Data excerpt
= = = = = = =

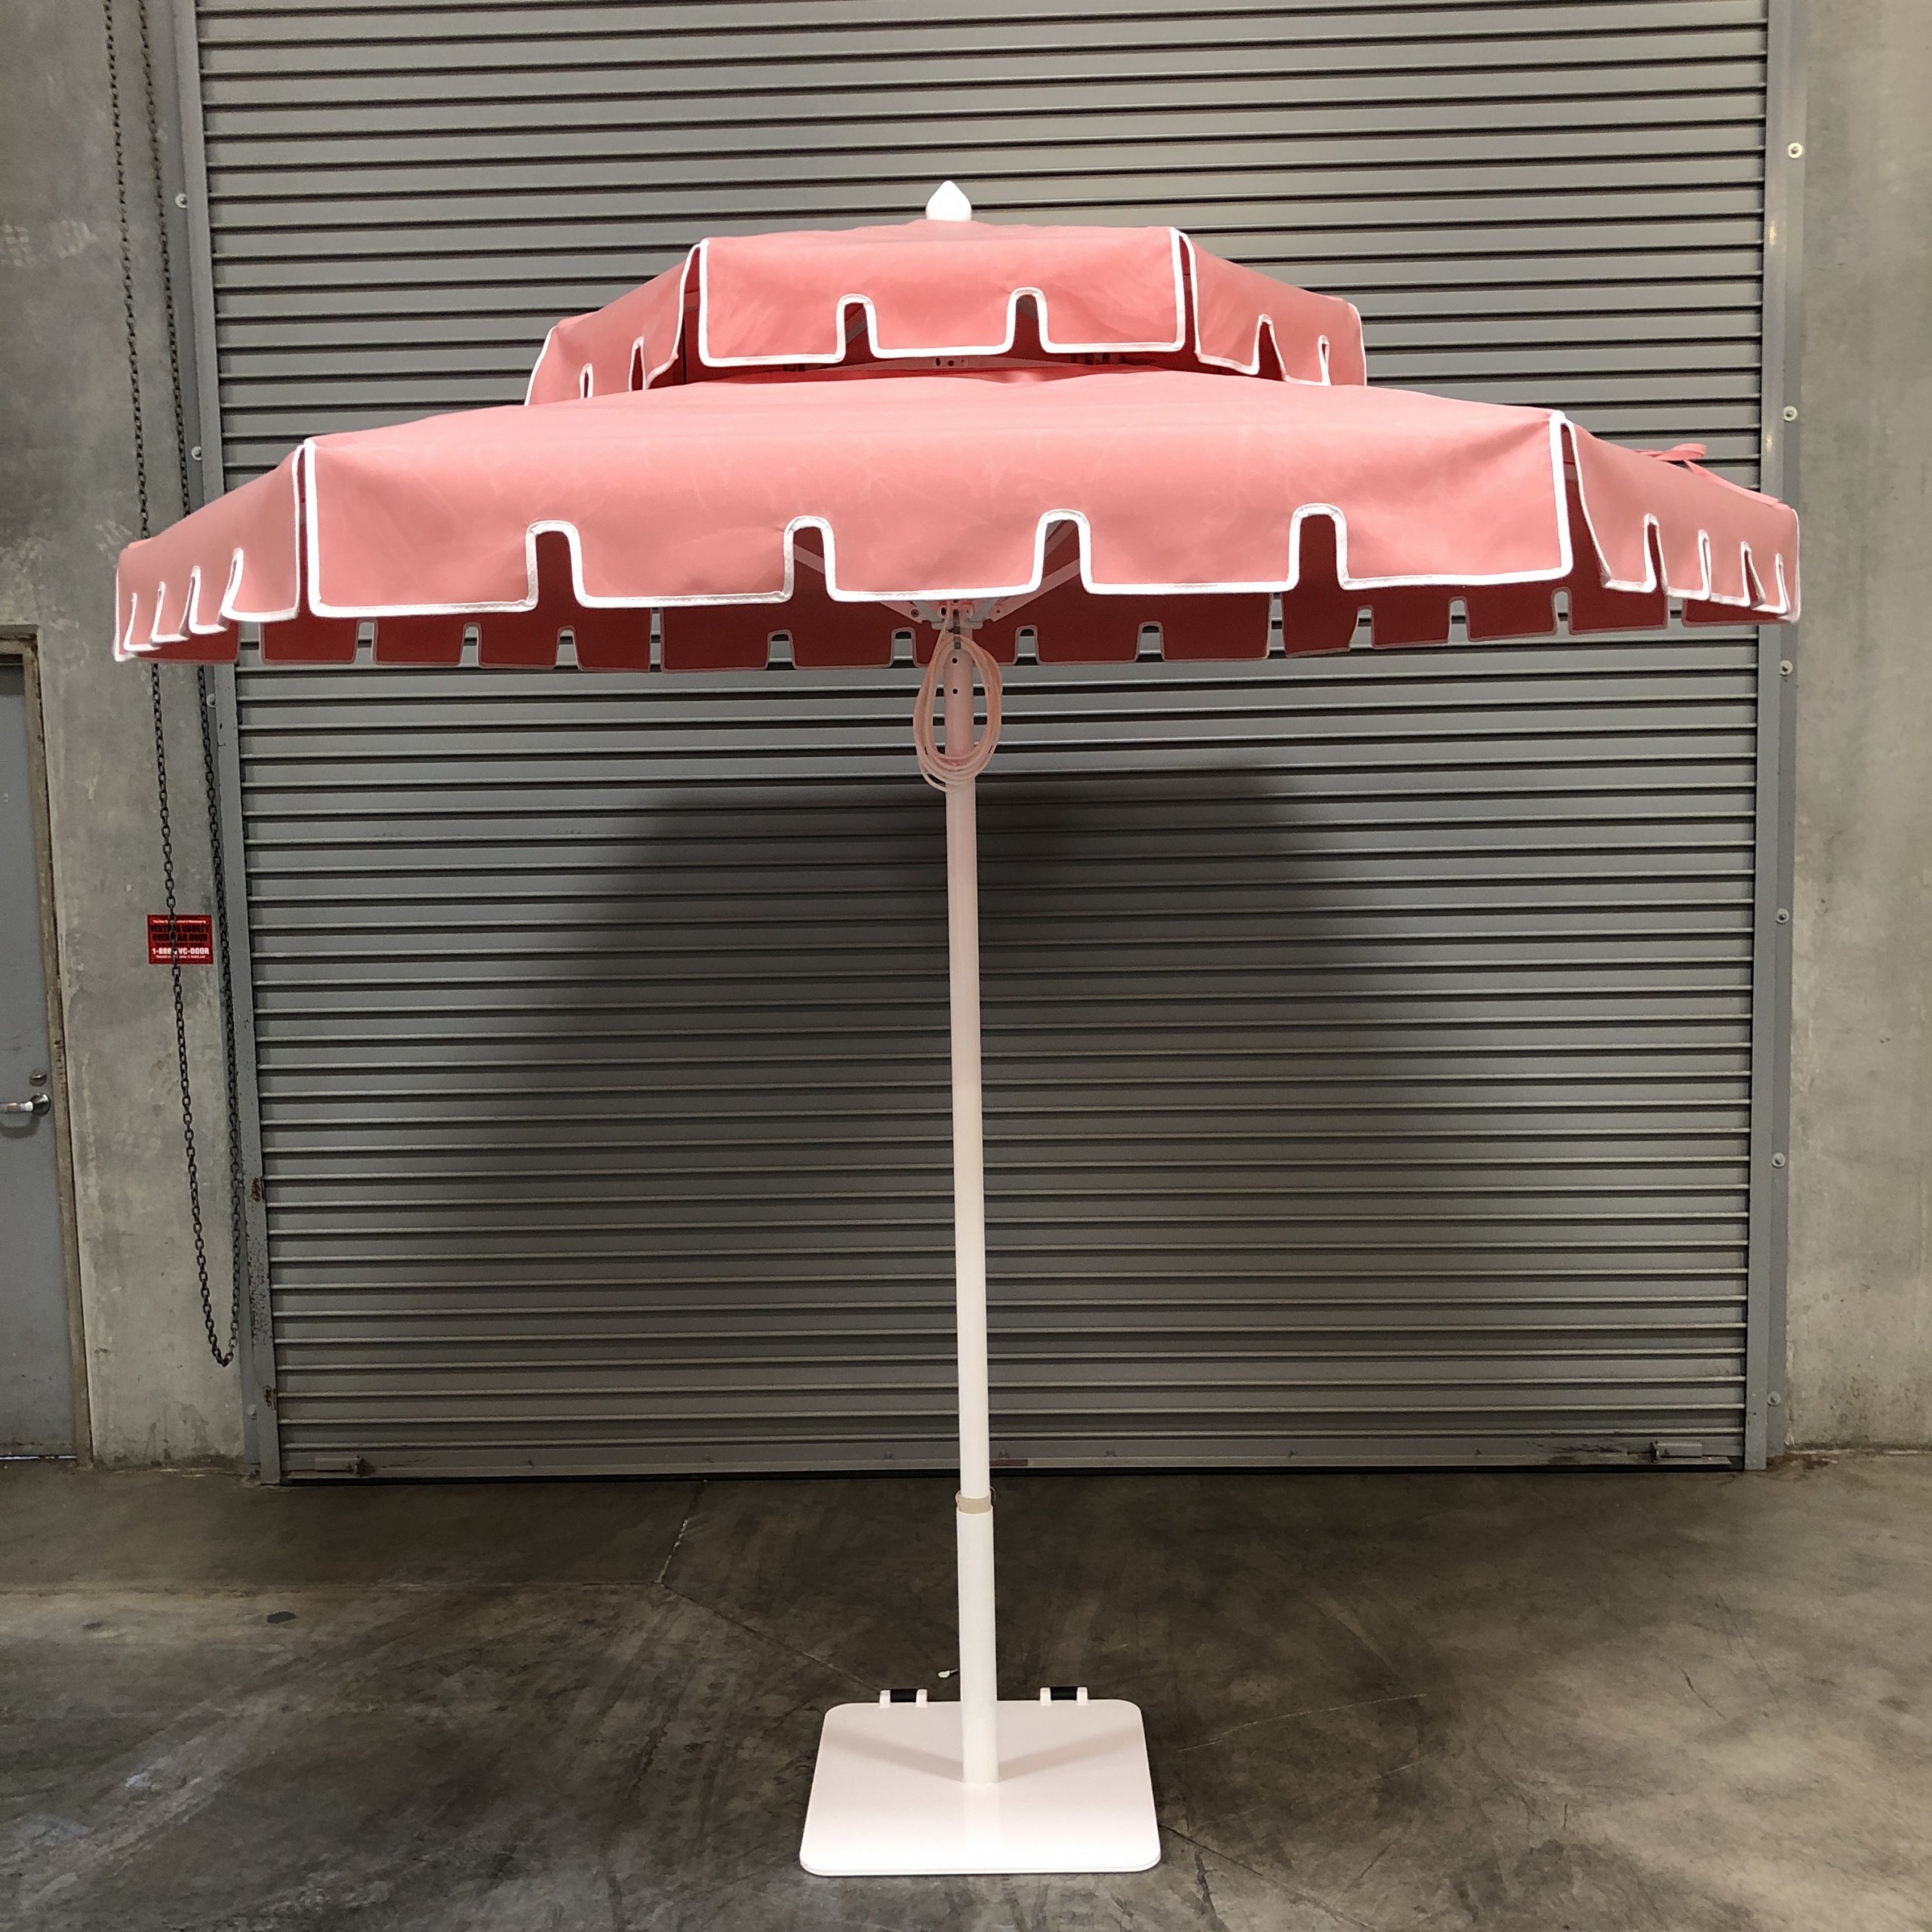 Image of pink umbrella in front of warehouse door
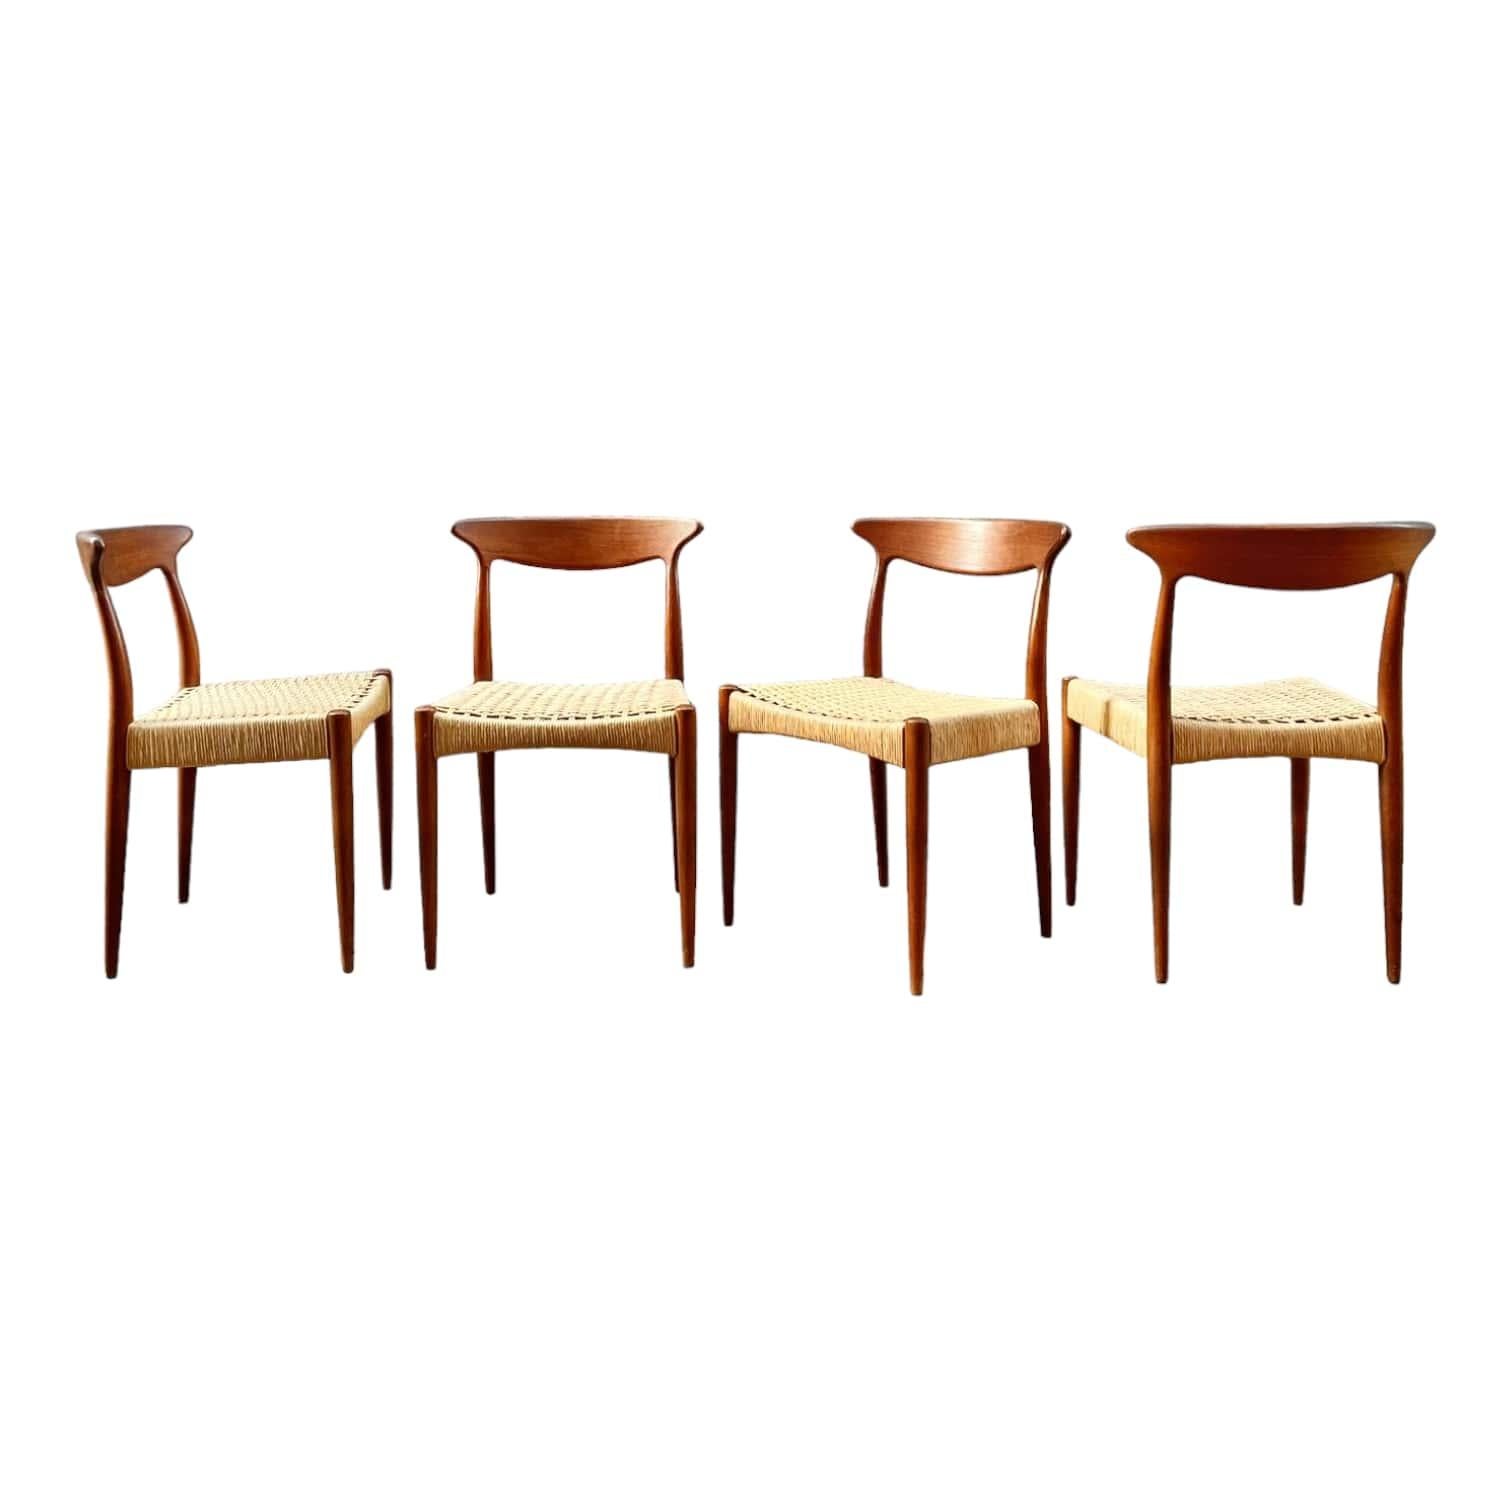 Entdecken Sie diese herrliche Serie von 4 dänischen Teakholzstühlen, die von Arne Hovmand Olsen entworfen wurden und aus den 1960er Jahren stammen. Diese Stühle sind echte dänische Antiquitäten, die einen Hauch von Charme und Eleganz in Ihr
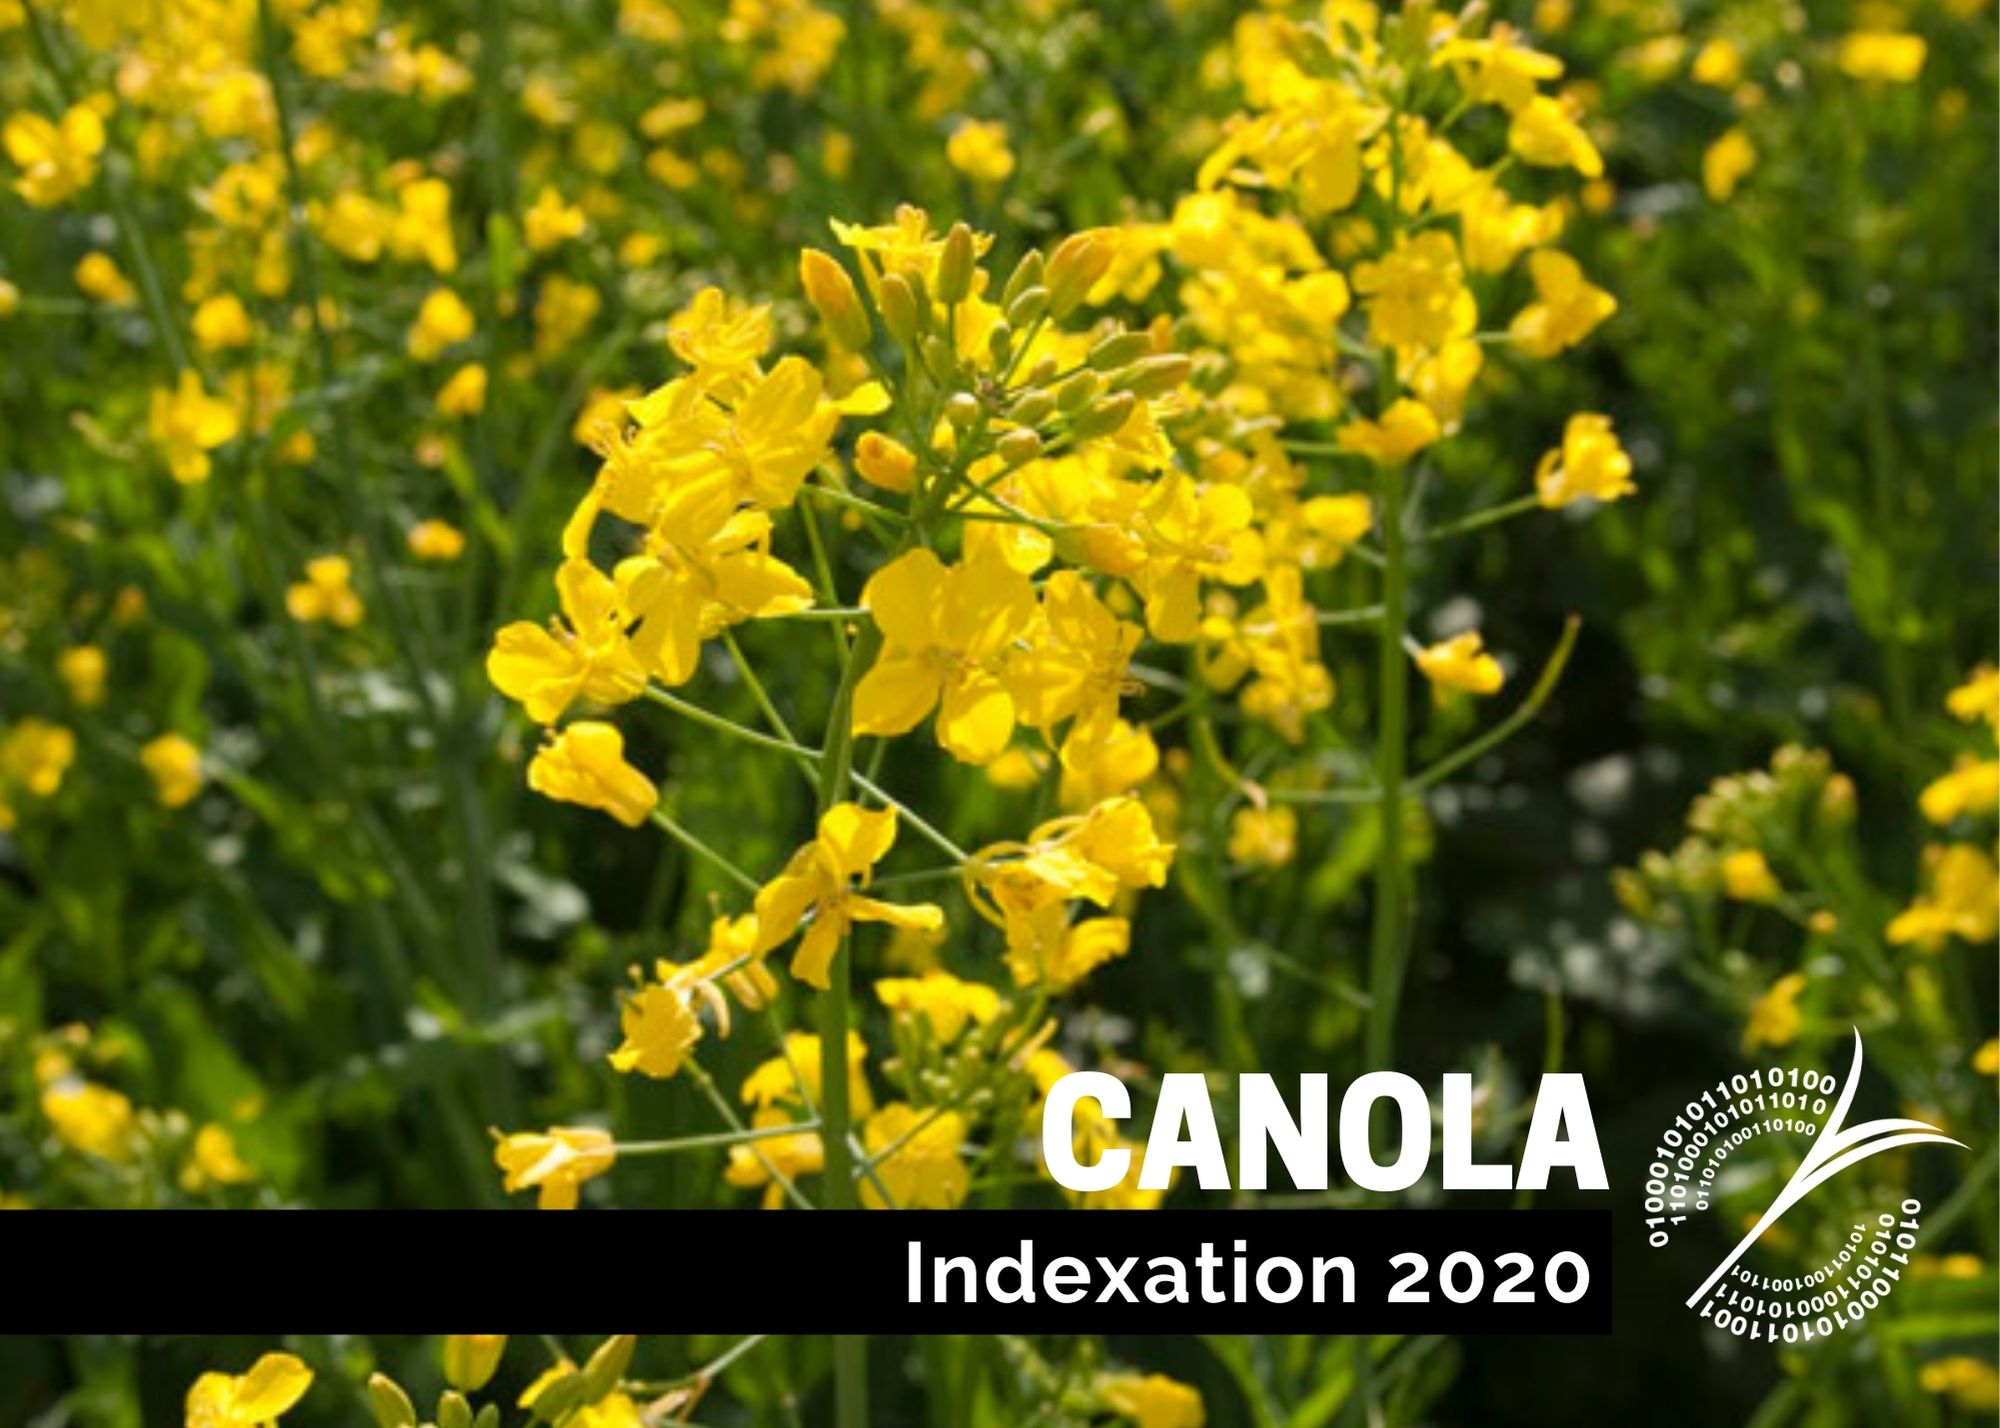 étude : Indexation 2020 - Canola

= = = = = = =

Exercise details
Starting at the line that holds "Entdecken Sie diese", copy each line exactly through the end of the listing, both ends included. Leave the pictures out.

Your response
 Entdecken Sie diese herrliche Serie von 4 dänischen Teakholzstühlen, die von Arne Hovmand Olsen entworfen wurden und aus den 1960er Jahren stammen. Diese Stühle sind echte dänische Antiquitäten, die einen Hauch von Charme und Eleganz in Ihr
 étude : Indexation 2020 - Canola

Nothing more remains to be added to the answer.